In a new era of inflation caused by fuel and food costs and the skills shortage, political debate in Australia is mired in a mindset that insists Government can and must do something. In the absence of a miraculous capacity to wish away the populations of India and China (while, somehow, preserving high levels of demand for our mineral exports), Governments can do nothing except ensure the economy is operating at its most efficient. To the extent that the Government is focussed on addressing infrastructure and skills issues, it is doing the right thing, even if Wayne Swan isn’t the best Government Minister to explain that story.

The demand that Governments do something isn’t peculiar to Australia, of course, as riots in Europe and SE Asia, and John McCain’s petrol stunt demonstrate. But it is exacerbated here by the previous Government’s deliberate tax-and-spend policies, which encouraged a sense of entitlement to government support that now drives the debate over petrol, groceries, child care – wherever prices are going up. The economic model advocated by the Hawke-Keating Government – an efficient market economy with minimal intervention and a strong but means-tested safety net, has been transformed by the Coalition into a Government-dominated model in which high taxes are churned into untested income support and handouts, and that can’t be changed without screams from the likes of the Dorries family.
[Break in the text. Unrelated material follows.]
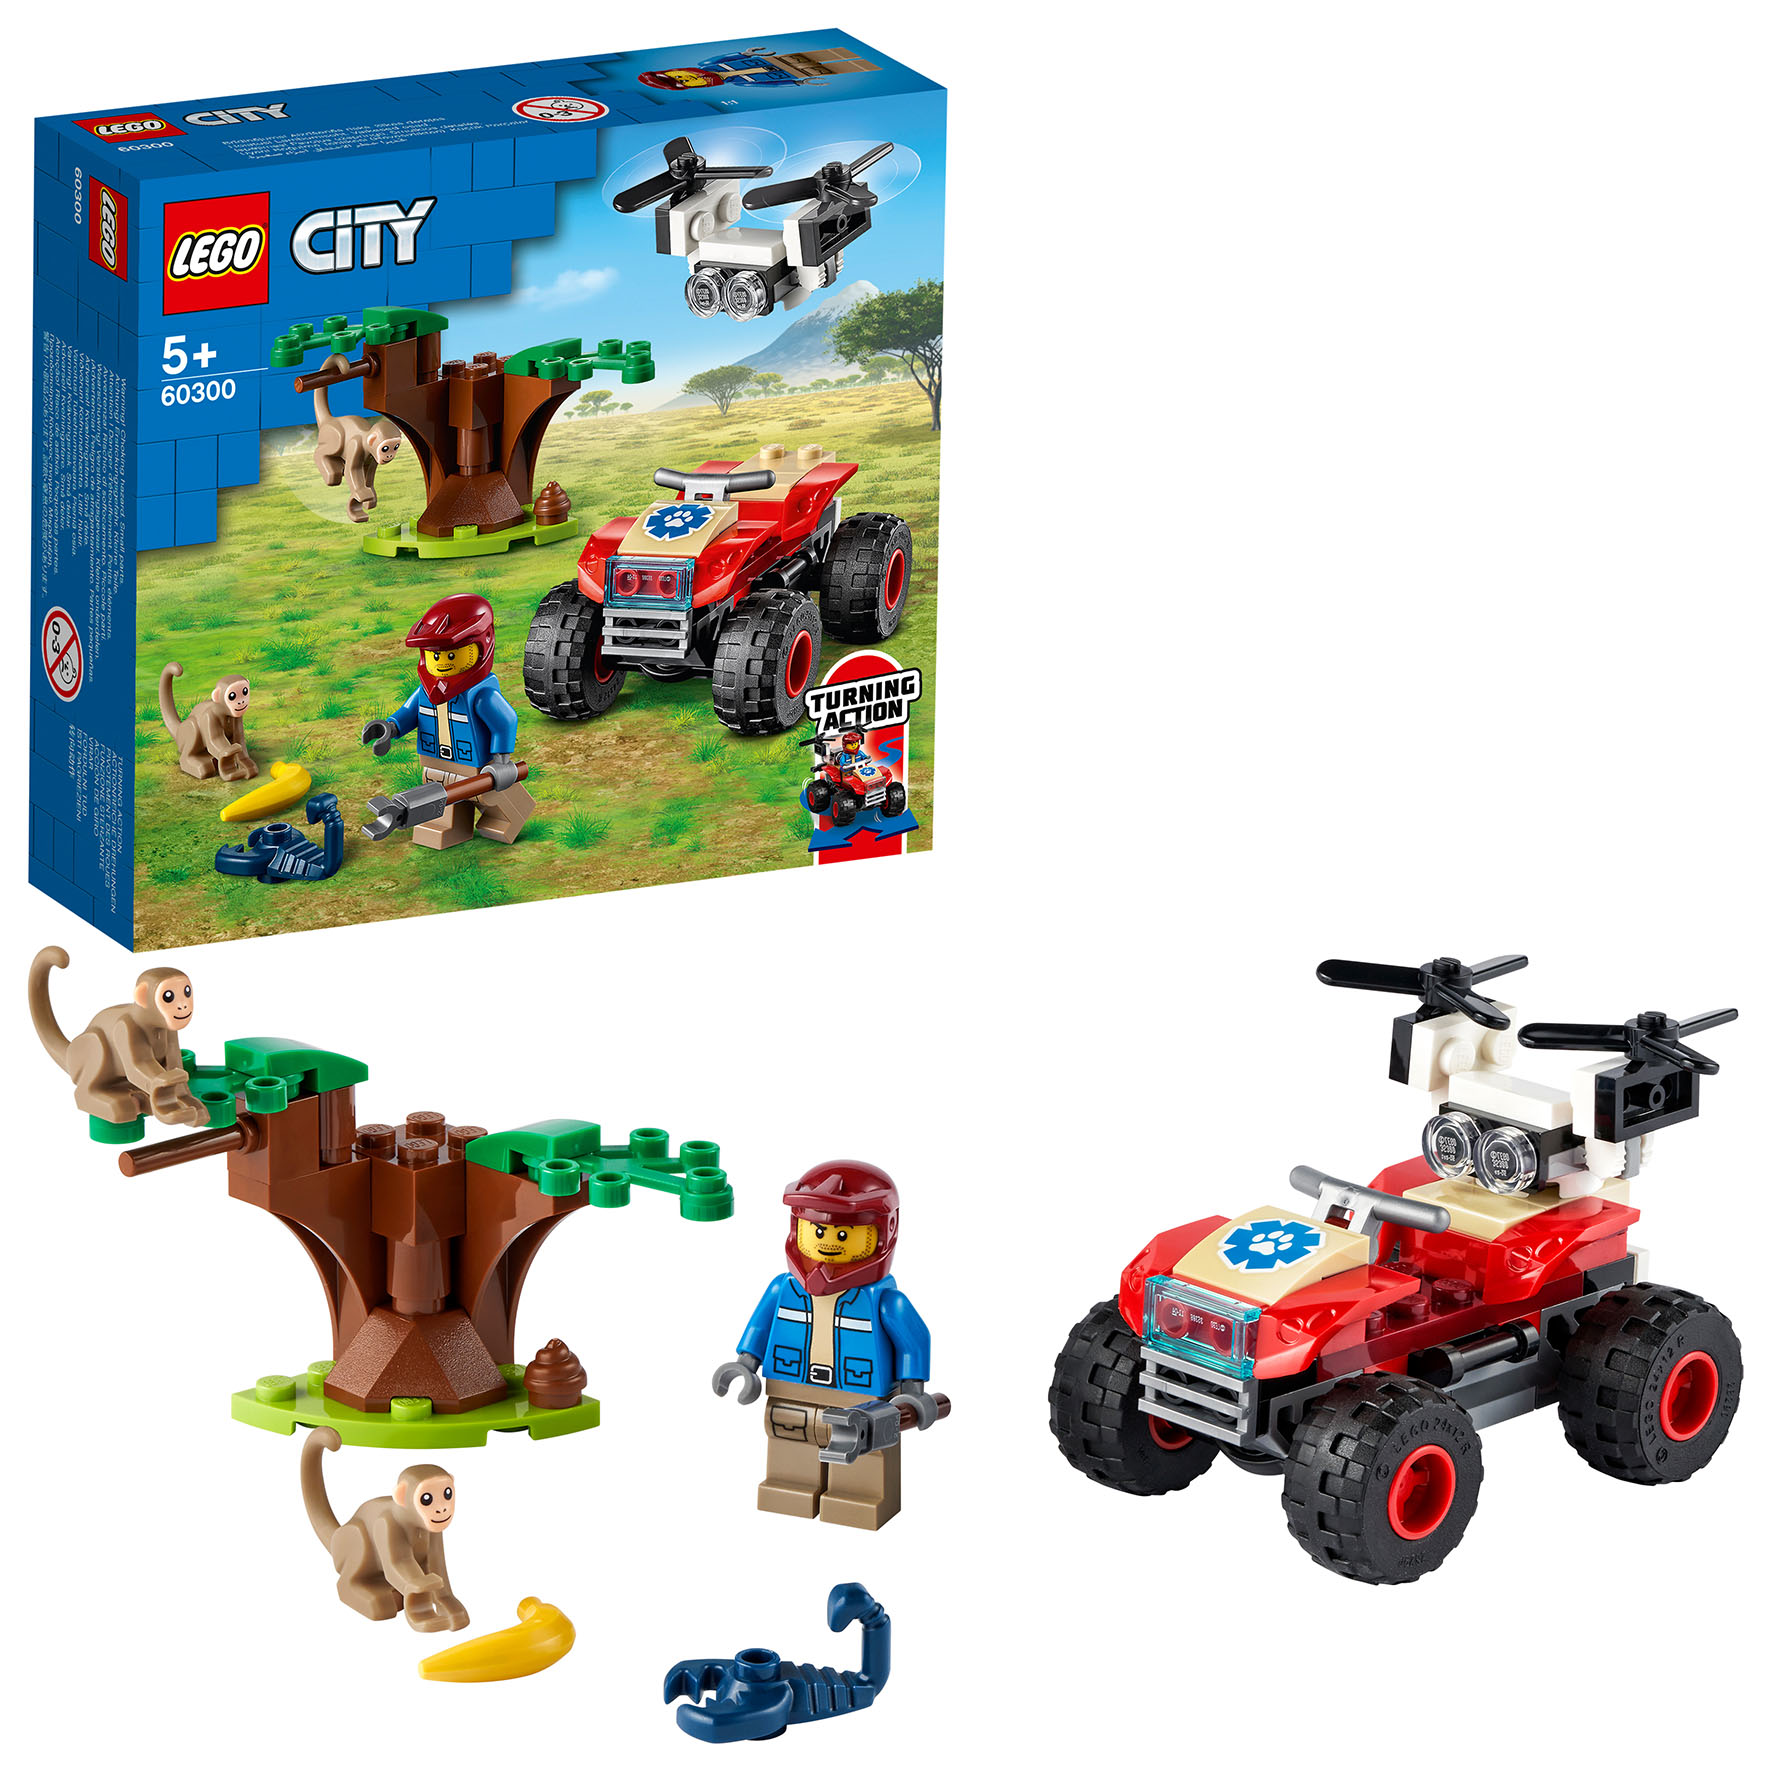 ATV SOCCORSO ANIMALE CITY LEGO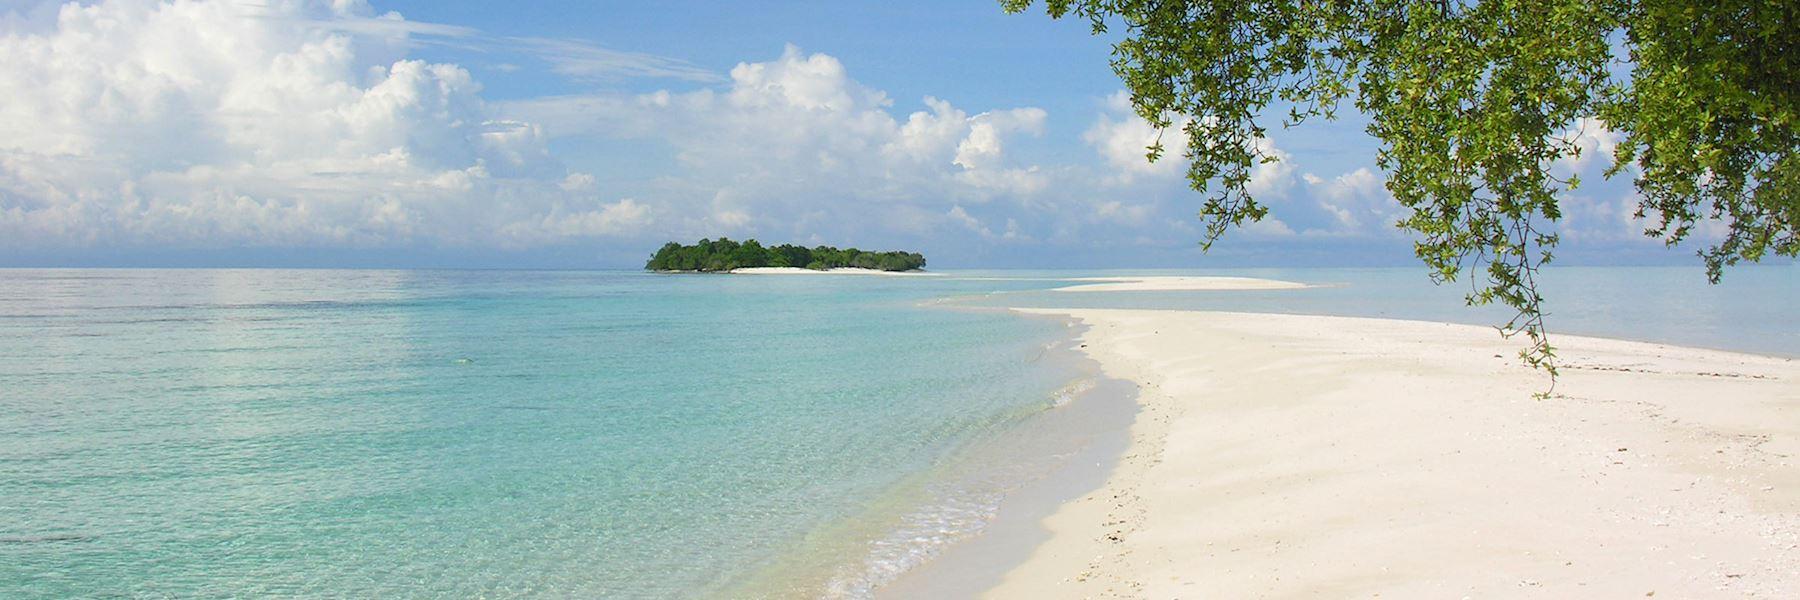 Visit Mataking Island, Borneo

There is, of course, one long-term solution to that mentality. A massive, and permanent, cut in taxes that would significantly reduce the size of government in Australia, and force any politician wanting to give handouts to voters to jack up taxes in order to pay for it. But the last time I checked, no one except a few thinktanks and The AFR were still pushing the case for small government in Australia.

We’ll be hearing a lot more from the Dorries of the country for years to come.